Back in Hollywood, McG, the director who’d sent Bale the script, was crushed. Bale was the only actor he believed had both the intensity and integrity to kick-start the beloved sci-fi franchise. So he got on a plane to London — no small gesture for a guy whose fear of flying contributed to him dropping out of Warner Bros.’ recent Superman reboot at the last minute because it was being shot in Australia. He believed that if he could just meet with Bale face-to-face, he could change his mind.

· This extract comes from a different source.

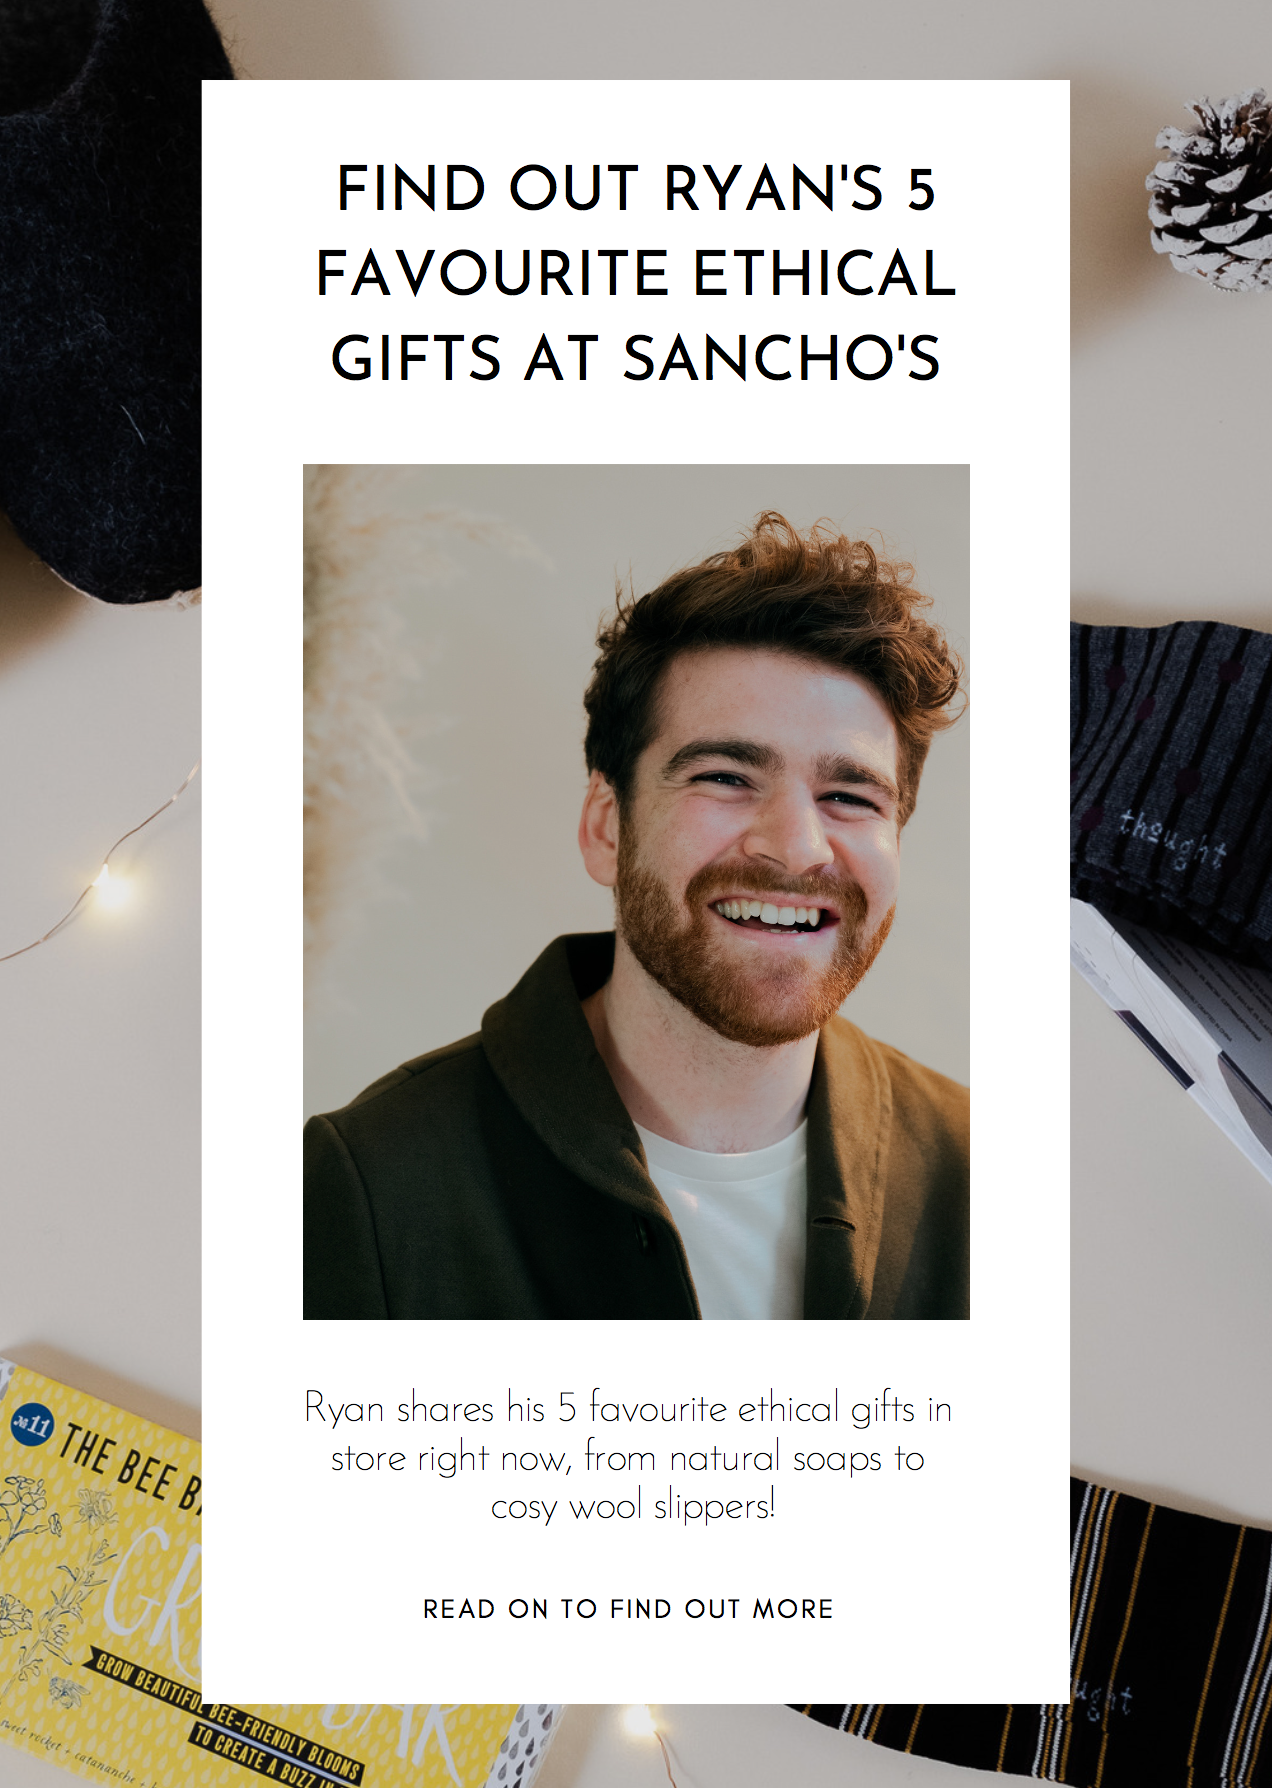 Find out Ryan's 5 favourite ethical gifts
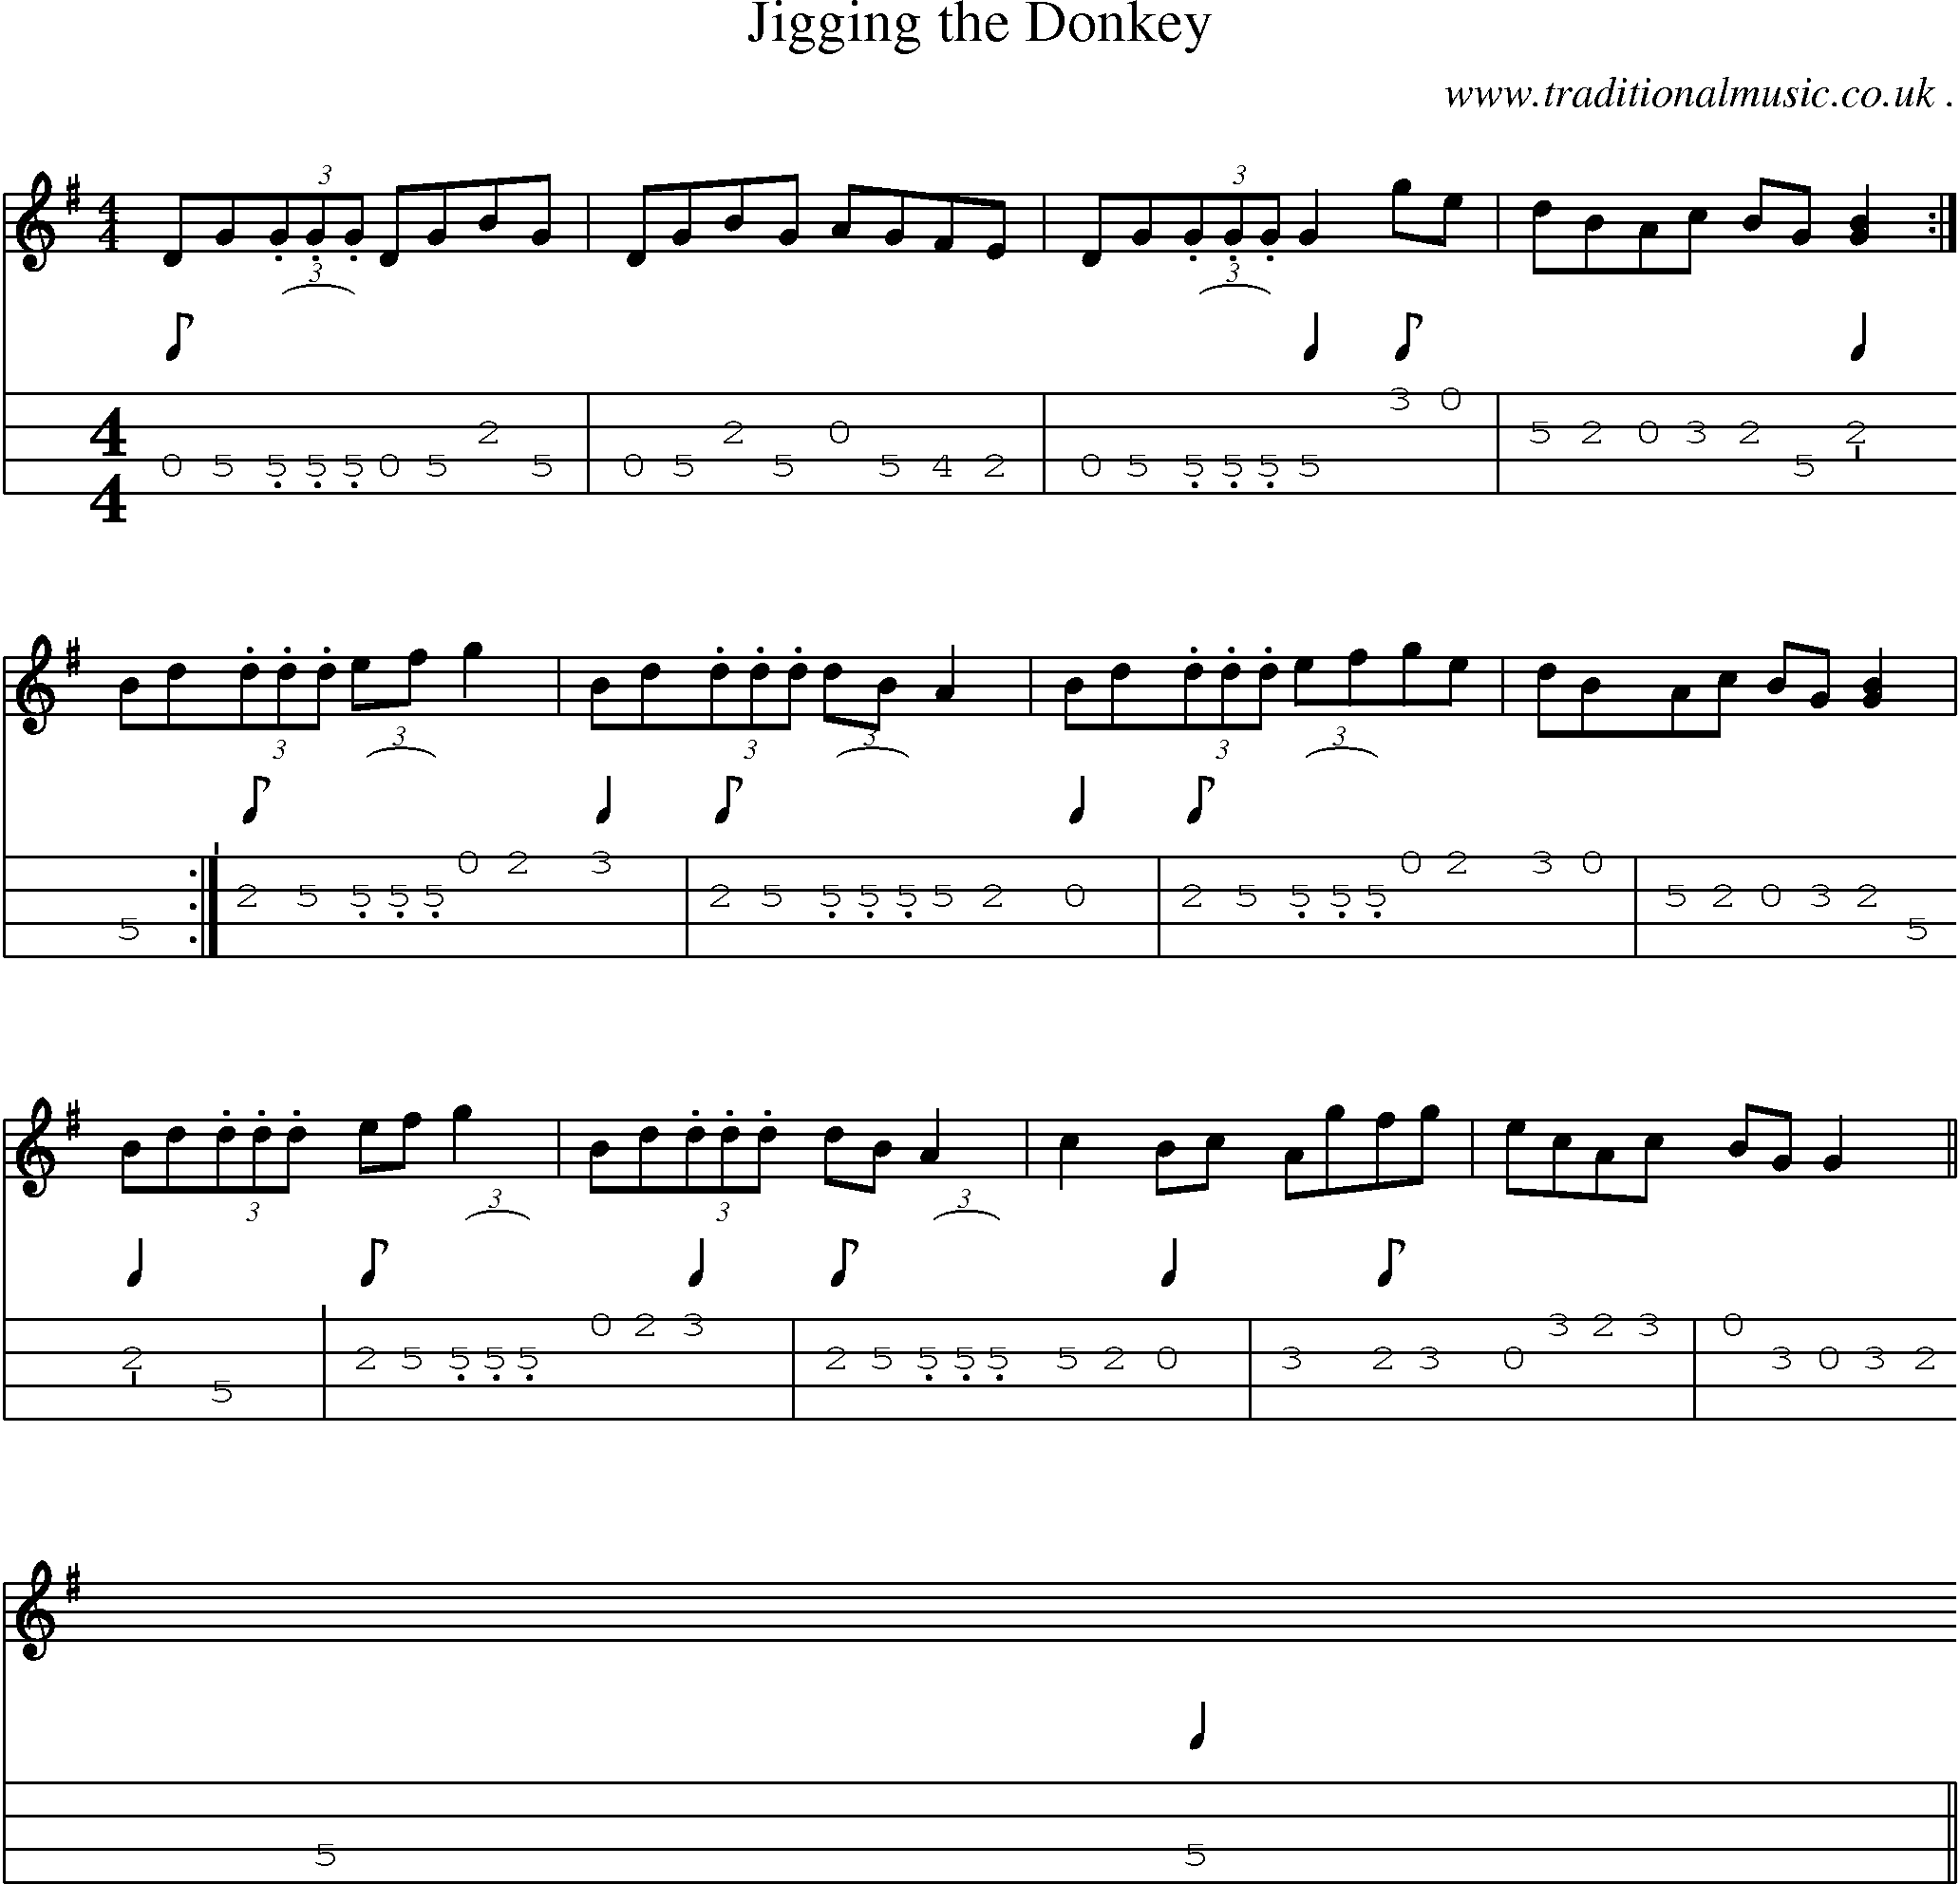 Sheet-Music and Mandolin Tabs for Jigging The Donkey

The two met at a café near Bale’s home, and McG did everything but act out the entire movie. He even handed Bale a copy of Cormac McCarthy’s The Road, saying how the novel’s bleak, postapocalyptic setting was what he had in mind for the film. But the desperate salesman was no match for the disinterested buyer. Then McG made his final, Hail Mary gambit. He pleaded with Bale to take a chance on him.

Bale recalls, ”I had this guy sitting there saying, ‘Christian, didn’t somebody ever take a leap of faith on you to do something radically different than you’ve ever done before? Give me that opportunity.’ So I’m thinking, ‘Oh, f—!”’ Bale’s advisers were against it too. Not just because Terminator Salvation was a sequel to a sequel to a sequel, but also because of McG himself, a man with little more to his credit than The O.C., a couple of Charlie’s Angels movies, and a ridiculous name. ”I had people telling me, ‘Don’t do it, Christian. Don’t go with that guy.’ In a strange way, I like the fact that he keeps that name because it does him no friggin’ favors,” says Bale. ”But people hear it and they go, ‘F— him!’ People were telling me, ‘Christian, you’re too good for Terminator.’ And I’m thinking, I’m too good? I’m not a snob. I really f—ing enjoy watching a good action movie. Who do you think I am?!”